Whether it is a new build project or a washroom refurbishment, the provision of sanitary conveniences and hand washing facilities is regulated by a range of standards. For example, Part G of the Building Regulations contains guidelines on the number and type of facilities required in a building to meet the needs of all user groups. Generally speaking, separate toilets are required in workplaces where there are both male and female employees. However, if the total number of employees based at a particular location is ten or less, and there are two or fewer employees of one gender, then unisex washrooms may be provided. These can be what are known as superloos, which are single units complete with toilet and washbasin, or larger washrooms designed to be used by men and women, with lockable toilet cubicles and shared hand-washing facilities.
Disability Discrimination Act
Another consideration for washroom designers is Part M of the Building Regulations, which relates to access and use of buildings. This includes ensuring easy access to washrooms for everyone, regardless of age or physical ability. In addition to meeting the accessibility requirements of Part M, commercial washrooms must be designed to meet the strict criteria of the Disability Discrimination Act 1995 (DDA). This requires that reasonable steps are taken to prevent a disabled person from being placed at a substantial disadvantage when accessing goods and services.
As far as washrooms are concerned, the DDA covers a variety of design considerations to ensure facilities can be accessed with ease by someone with a disability, whether that is a wheelchair user or a person with impaired vision, for example. One of the primary requirements under the DDA is the provision of at least one wheelchair accessible cubicle in any non-residential building. In addition, where there are four or more cubicles provided in a washroom, one of these must be of an enlarged size to dimensions set down in DDA Document M guidelines. Cubicles for disabled users should include grab rails, outward opening doors with clear access to the WC itself, a raised toilet pan, and be fitted with indicator bolts and doors which can be opened with a closed fist to name but a few.
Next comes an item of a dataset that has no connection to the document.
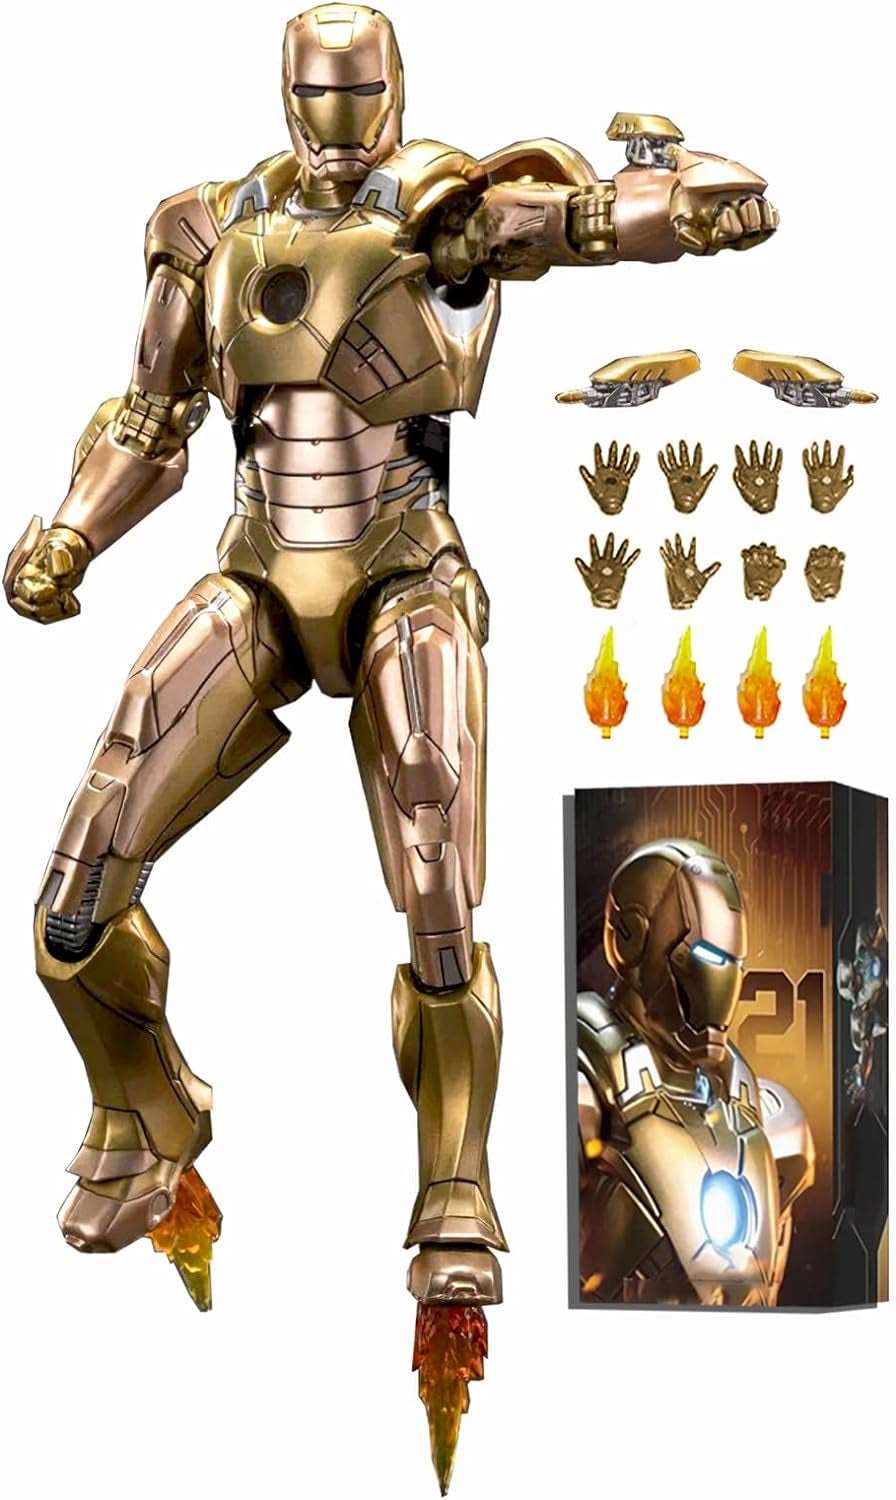 7 Inch Ironman Mark21 Action Figure (1/10 Scale) with Lots of Accessories,Exquisite Painting Collectible Toy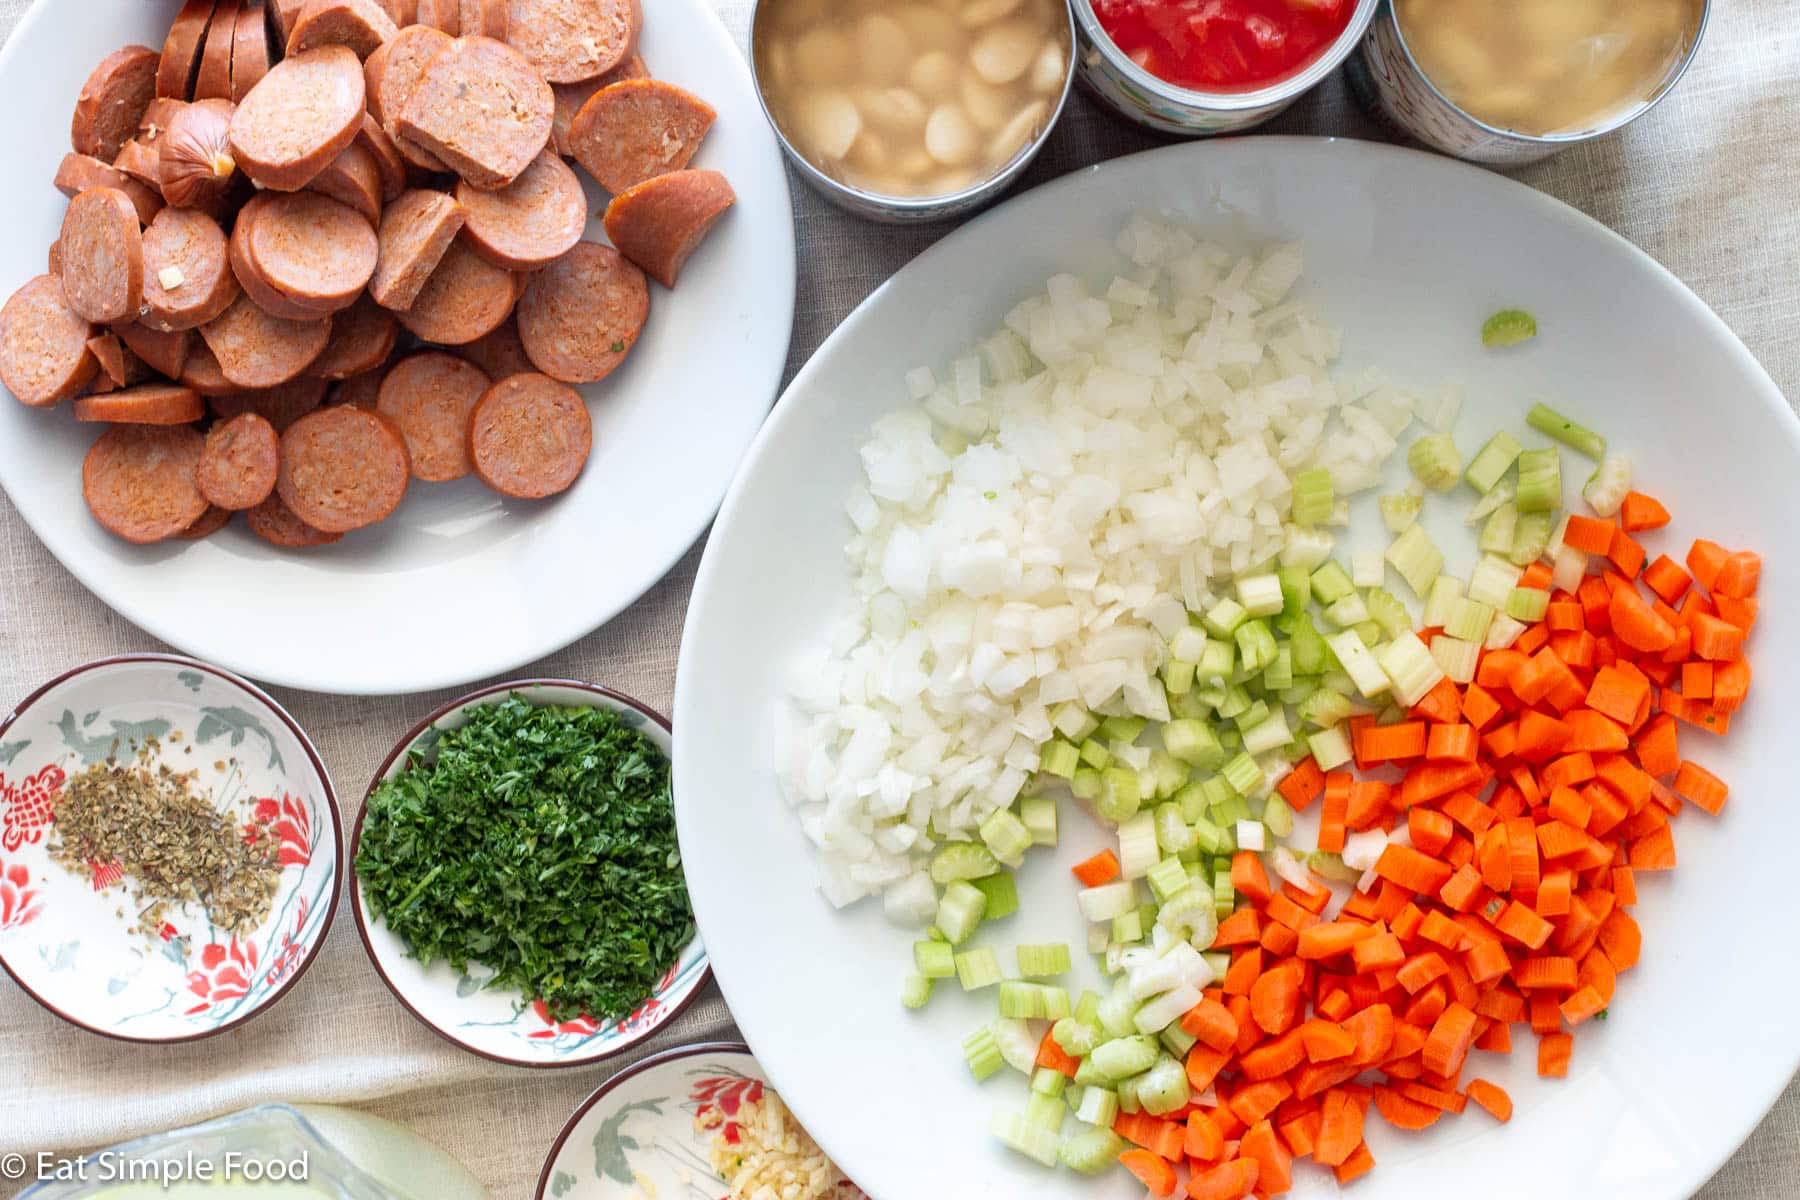 Chopped onion, celery, carrot on a white plate. Sliced smoked sausage on a smaller white plate. Three small bowls of Italian seasoning, chopped parsley, and chopped garlic on the side.

Although the choice of colour and finish for a commercial washroom is clearly part of the aesthetic specification, DDA regulations will also need to be considered in terms of the LRV (light reflectance value) of surfaces. So, while an all-white washroom might make a dramatic design statement, it wouldnt be a DDA-compliant solution for a commercial building. This is because the regulations require sufficient visual contrast between different areas of the washroom, such as door frames to walls and sanitary fittings to walls, to enable visually impaired people to distinguish between these areas by virtue of the difference in light reflecting from the surface. The mandatory minimum is a 20 point difference in the luminance of colours used but a differential of 30 points is in line with current best practice. It should also be noted that wall finishes and floor coverings should contrast with each other in terms of both colour and texture to help the visually impaired navigate the washroom safely.
Workplace washroom standards
In addition to Building Regulations, designers of workplace washrooms are advised to consult recommendations contained in the Governments Workplace (Heath, Safety and Welfare) Regulations. These relate to a range of relevant issues, such as cleanliness, hygiene, ensuring user privacy with the provision of lockable doors, adequate lighting and ventilation. The choice of materials can assist in achieving some of these standards. For example, high pressure laminates offer a hygienic, easy to clean option for cubicle doors and other surfaces, while SGL (solid grade laminate) is usually the preferred material for cubicles subject to high use and possible abuse.
This high performance material is extremely resilient to knocks and bumps and, being impervious to water, it is easily washed down to help maintain high standards of hygiene. In addition, manufacturing walls and vanity (hand basin) troughs from a single piece of solid surface material creates an attractive, seamless appearance and also reduces the number of joints. This makes for easier cleaning and means there are less unhygienic crevices where dirt can accumulate. Specifying non-touch fittings, from automatic hand dryers to electronic sensor taps and toilet flushing systems, is also worth considering to ensure a hygienic washroom environment.
Designing commercial washrooms that satisfy current regulatory requirements can also bring practical benefits. Non-corrosive metal fittings and hardwearing, easy-care laminate panels are not only hygienic solutions, they also offer superior durability, particularly in high traffic environments, thus helping to reduce lifetime costs relating to maintenance and replacement. Last but not least, compliant, well-designed washrooms which successfully combine style and functionality can help maximise the sales or rental potential of new and refurbished commercial buildings. So, to return to my opening point, theres more to designing washrooms than meets the eye.